Nowadays, Big Data and Cloud Computing have become the trending topic in Information Technology (IT). Big Data refers to a massive scale of data that can be in a form of unstructured, semi-structured and structured data whereas “Cloud Computing” is a term refers to a type of computing in which services are delivered through the Internet. Most organization thinks that the combination of Big Data and Cloud Computing provides beneficial outcome to them such as it is a cost-effective solution in big data analytics. However, the security of cloud computing associated with the Big Data Application has become the primary concern in the industry.
1.1 Big Data and Cloud Computing
Big Data refers to an extremely large and complex datasets that may be difficult using traditional data mining techniques and tools which is used to extract and transform useful information. According to Inukollu, Arsi and Ravuri (2014), there are 4 characteristics of Big Data Analytics which also known as the 4V’s; Volume, Variety, Velocity and Veracity. Figure 1.1 explains the meaning of each characteristic.
Cloud Computing refers to a technology which allow user to share, store, access and process data on the internet rather than local servers or personal devices. In addition, the service model of cloud is usually classified into three types such as Software as a Service (SaaS), Platform as a Service (PaaS) and Infrastructure as a Service (IaaS). However, due to the high availability of cloud to all users, it faces more security issues and challenges.
Many organizations use big data to store and analyze data about their organization, business and customers but not all of them have the fundamental knowledge especially from a security perspective. In addition, the integration between both big data and cloud computing may lead to some security vulnerabilities. The most popular security vulnerability is platform heterogeneity since it will create a new unfamiliar platform in the cloud and many existing security tools may not work on such platforms.
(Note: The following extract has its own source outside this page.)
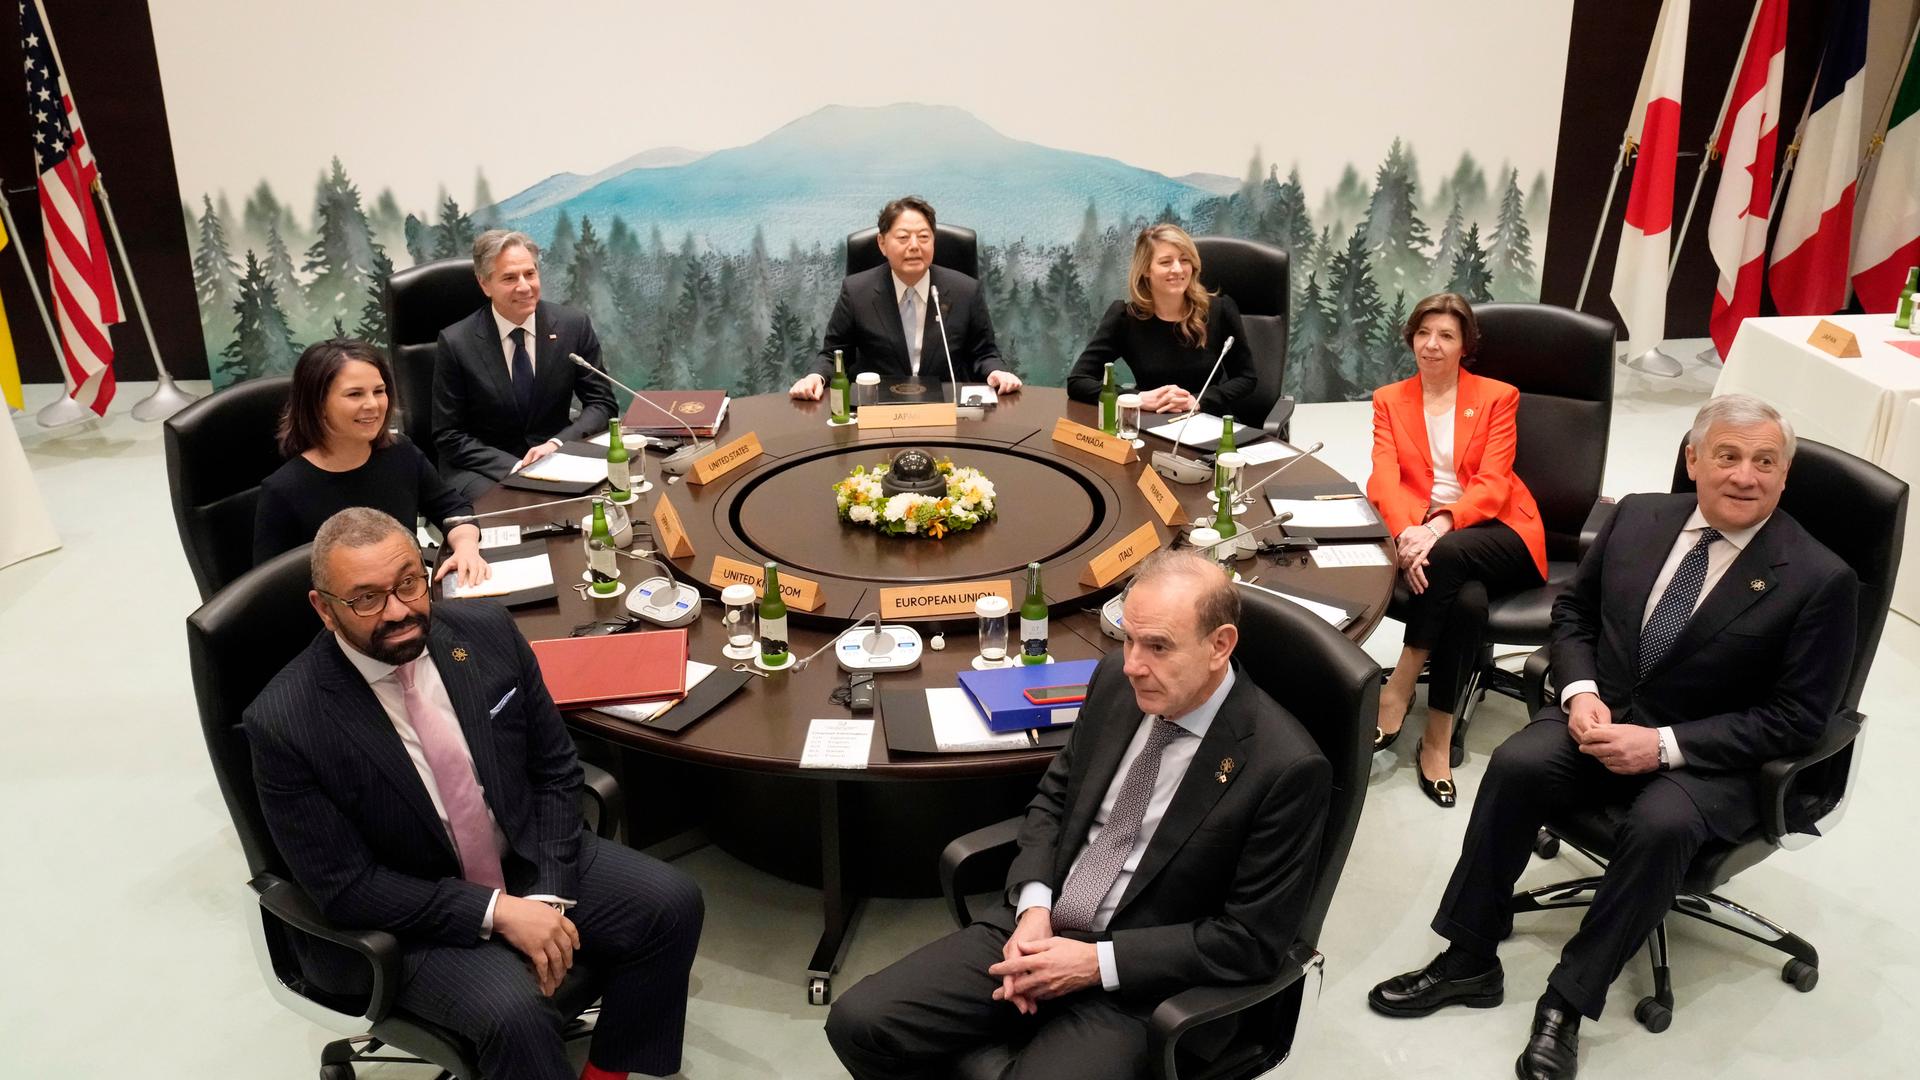 Das Bild zeigt die aktuellen Außenminister der G7-Staaten. Sie sitzen an einem runden Tisch und schauen in die Kamera.

Therefore, in order to make big data becomes secure, new security tools or techniques are needed to work with big data and cloud computing such as encryption, logging, honeypot detection, access control and others (Inukollu et al., 2014). The types of security techniques are discussed in the section below.
2.0 Security Tools and Techniques
Encryption refers to a process of scramble or reorder the text to make it unreadable by anyone especially the hacker since the data is collected from various places and group in cluster which allows them to steal critical information. There are two types of encryption that can be used to increase security in cloud such as data encryption and network encryption. In data encryption, different machines should use different encryption keys to encrypt and decrypt the data stored in order to prevent hacker to extract meaningful information and misuse it even though they have successfully retrieved the data. Other than that, network encryption is a process of encrypting data to ensure the transmitted data across computer network is unreadable to anyone and has been widely used on the internet to protect information that is being sent between browser and server such as passwords, sensitive information and payment information. Network encryption is implemented through Internet Protocol Security (IPSec) and it is a set of open Internet Engineering Task Force (IETF) standards that is used to create a framework for private communication over IP networks. Besides, encrypted packet appear to be identical to unencrypted packet that are easily routed through any IP network and if a hacker can get through the network communication network, the useful information or packet would still be difficult to extract (Inukollu et al., 2014). They also agree that encryption is a good security strategy to slow down professional hackers from stealing an organization sensitive information.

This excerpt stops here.